*** Stored data

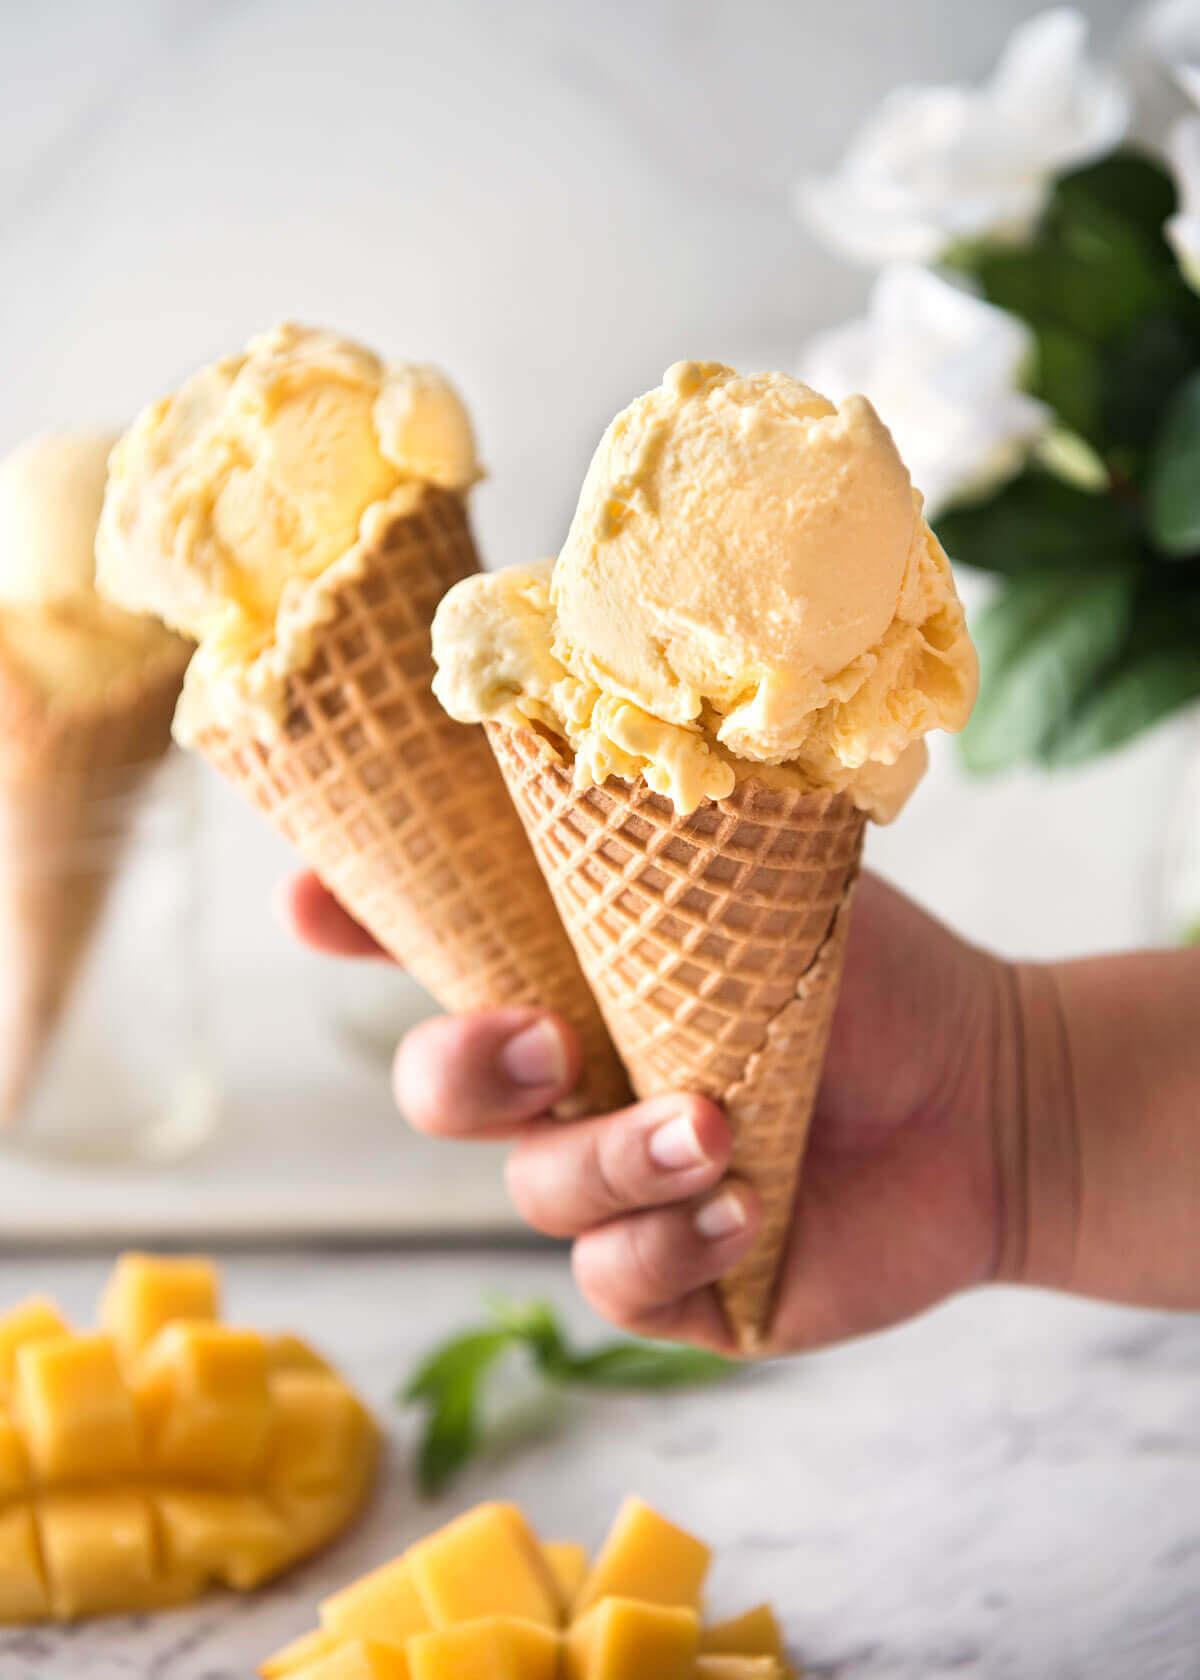 Homemade Mango Ice Cream Recipes (No Ice Cream Maker!) from RecipeTin Eats
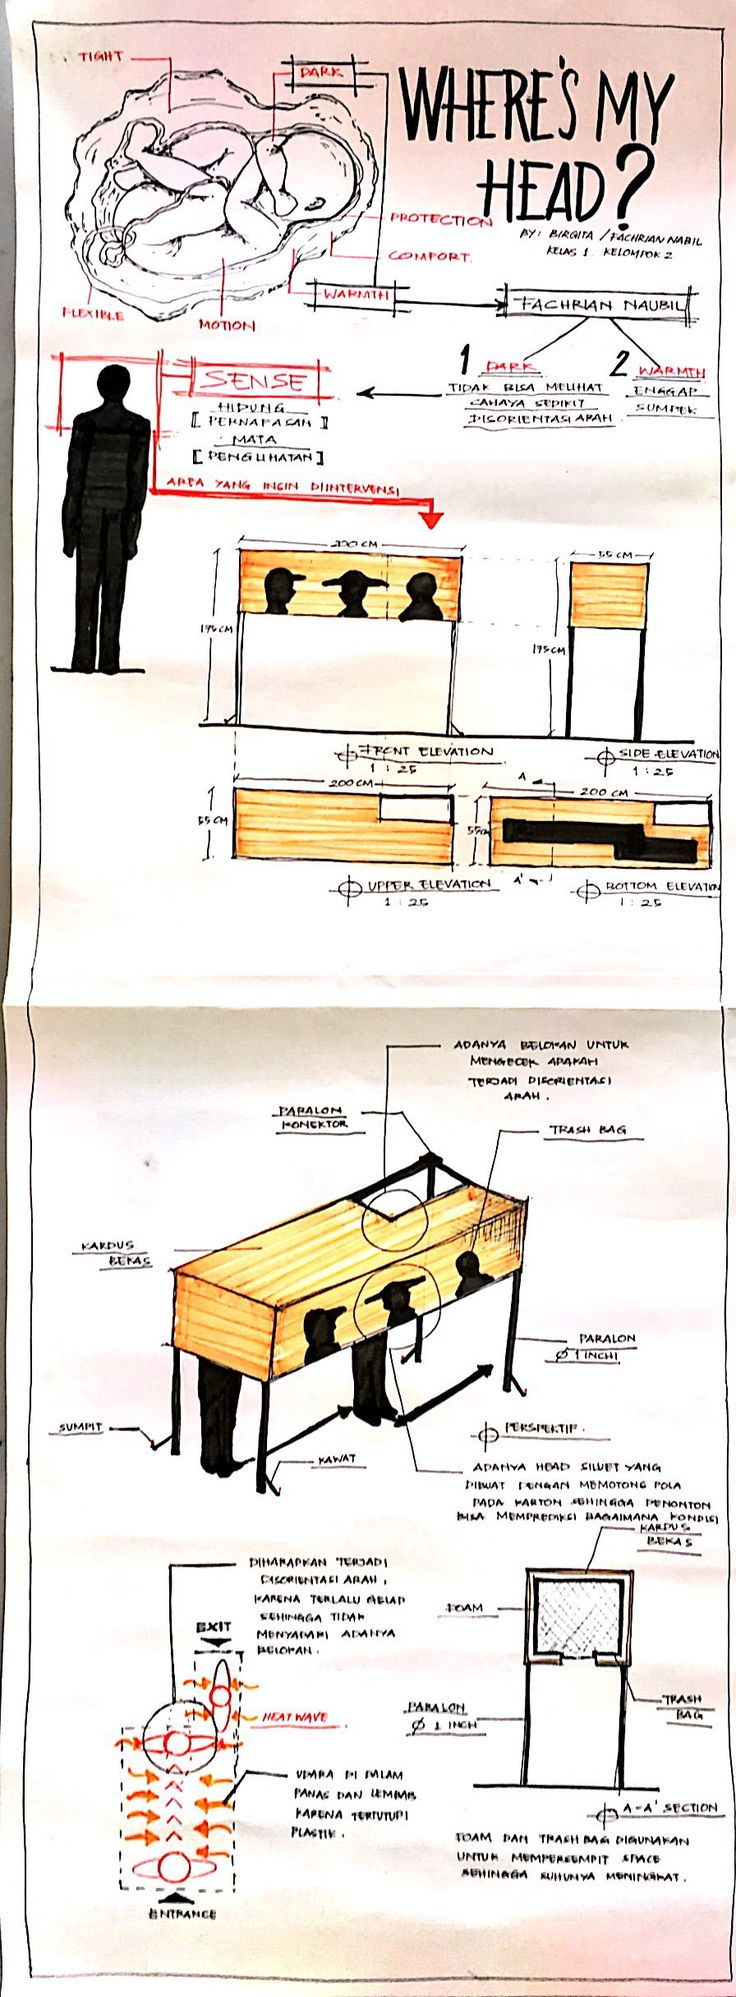 Diagram Berfikir // Fachrian Nabil Fauzi // Kelompok 2 Kelas 1 // 1506746771
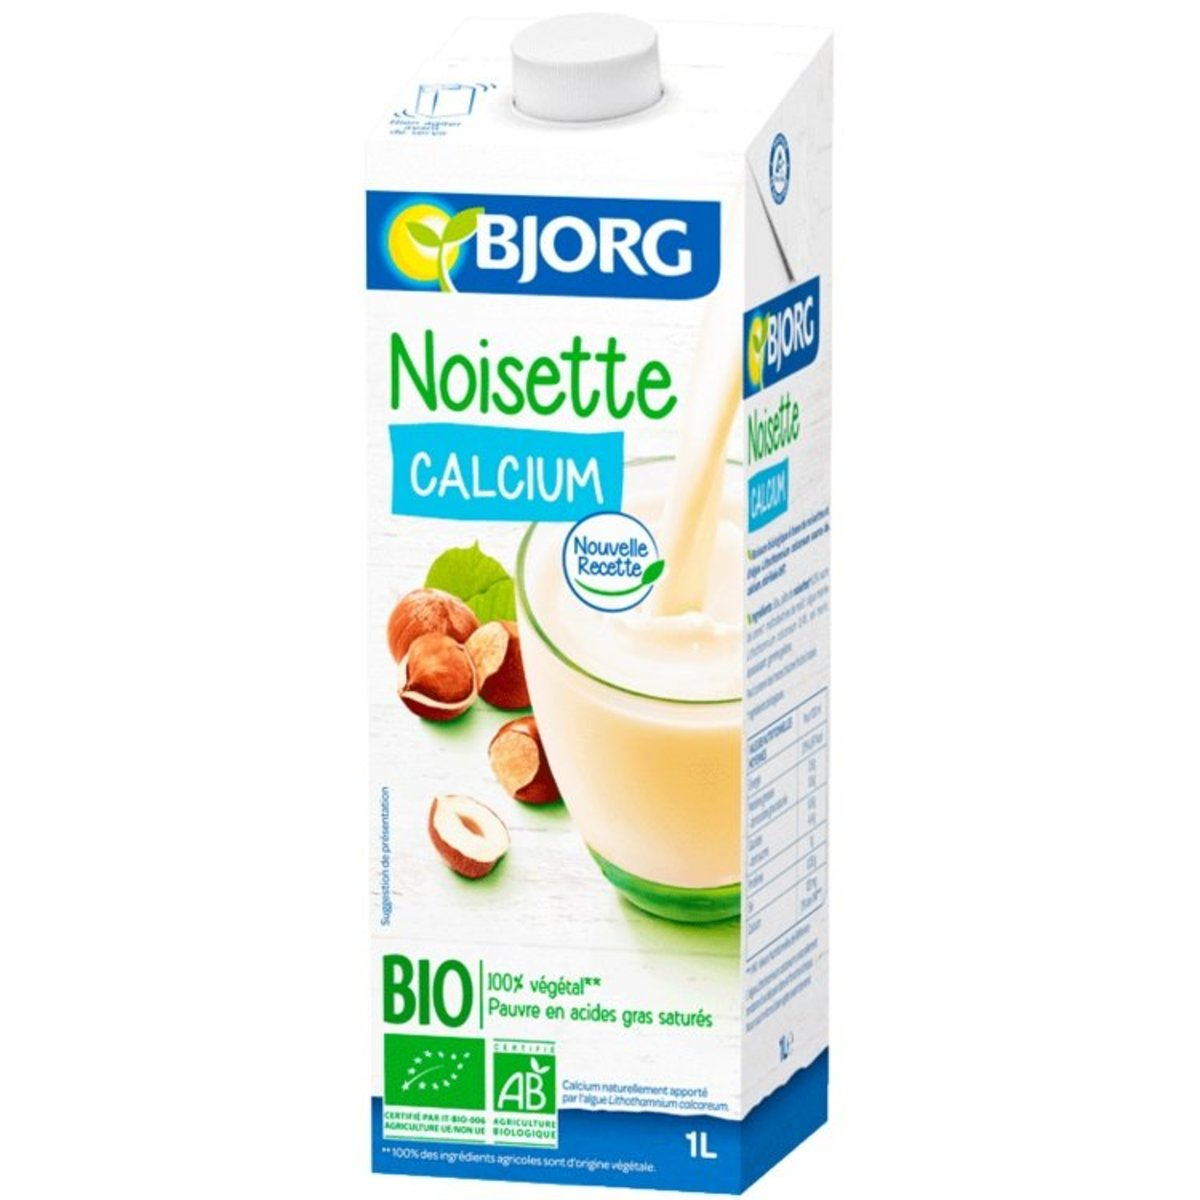 有機含鈣榛子飲料(1升)-(1枝) - 意大利 BJ3015619
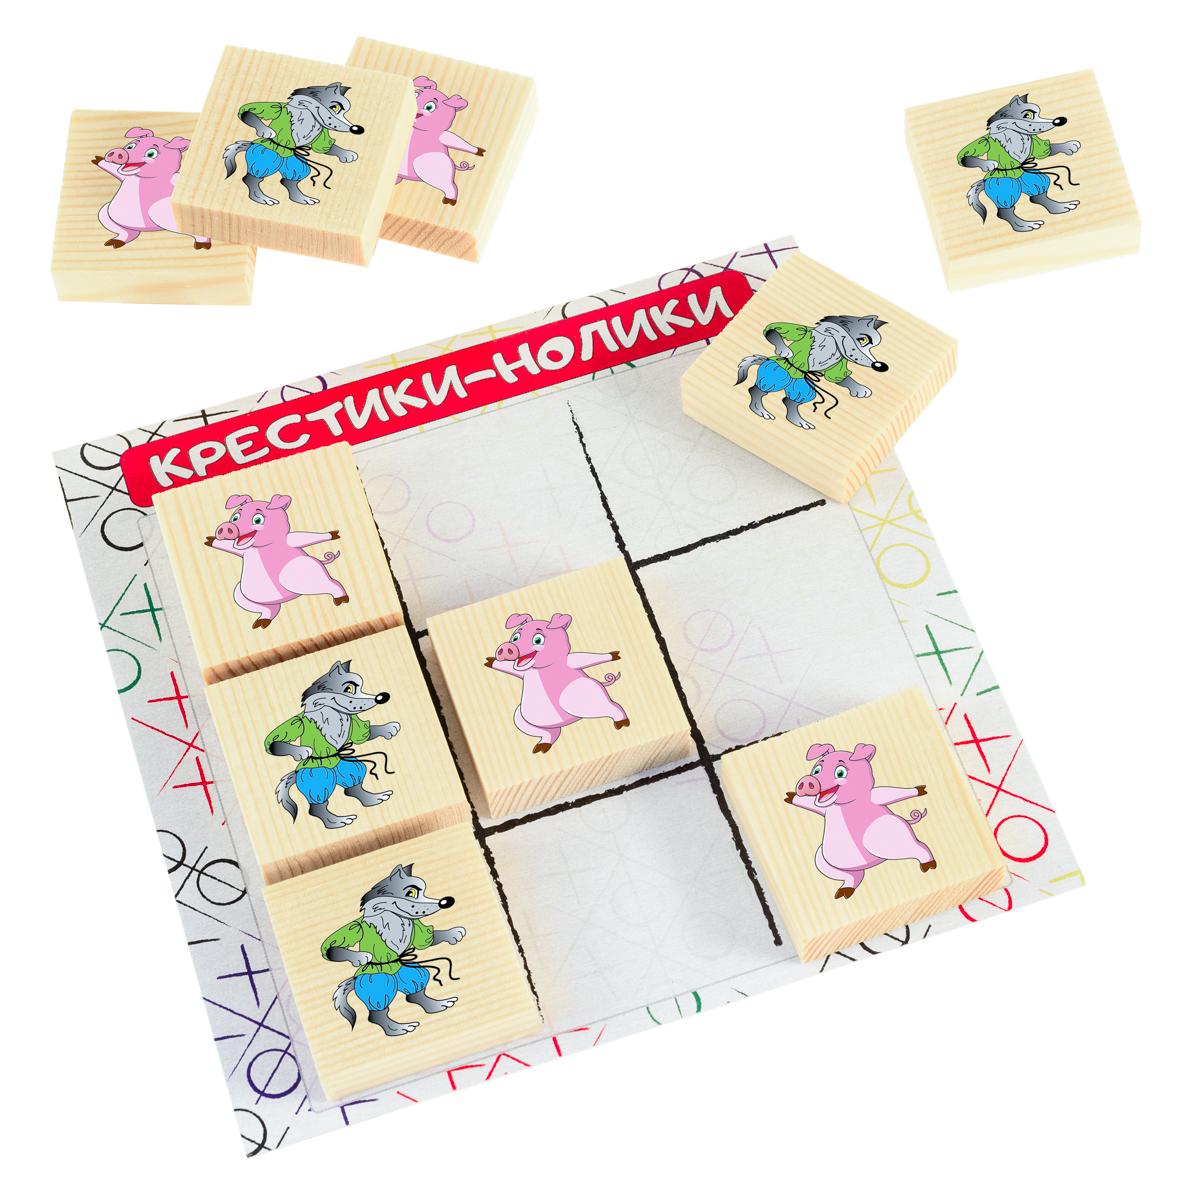 Развивающие деревянные игрушки Обучающая игра Крестики-нолики Волк и поросенок развивающие деревянные игрушки обучающая игра крестики нолики классика

******

Please take the lines from the beginning of the data above through the line holding "有機含鈣榛子飲料(1升)-(1枝) - 意大利 BJ3015619" and transcribe them exactly, without any pictures.

 Homemade Mango Ice Cream Recipes (No Ice Cream Maker!) from RecipeTin Eats
 Diagram Berfikir // Fachrian Nabil Fauzi // Kelompok 2 Kelas 1 // 1506746771
 有機含鈣榛子飲料(1升)-(1枝) - 意大利 BJ3015619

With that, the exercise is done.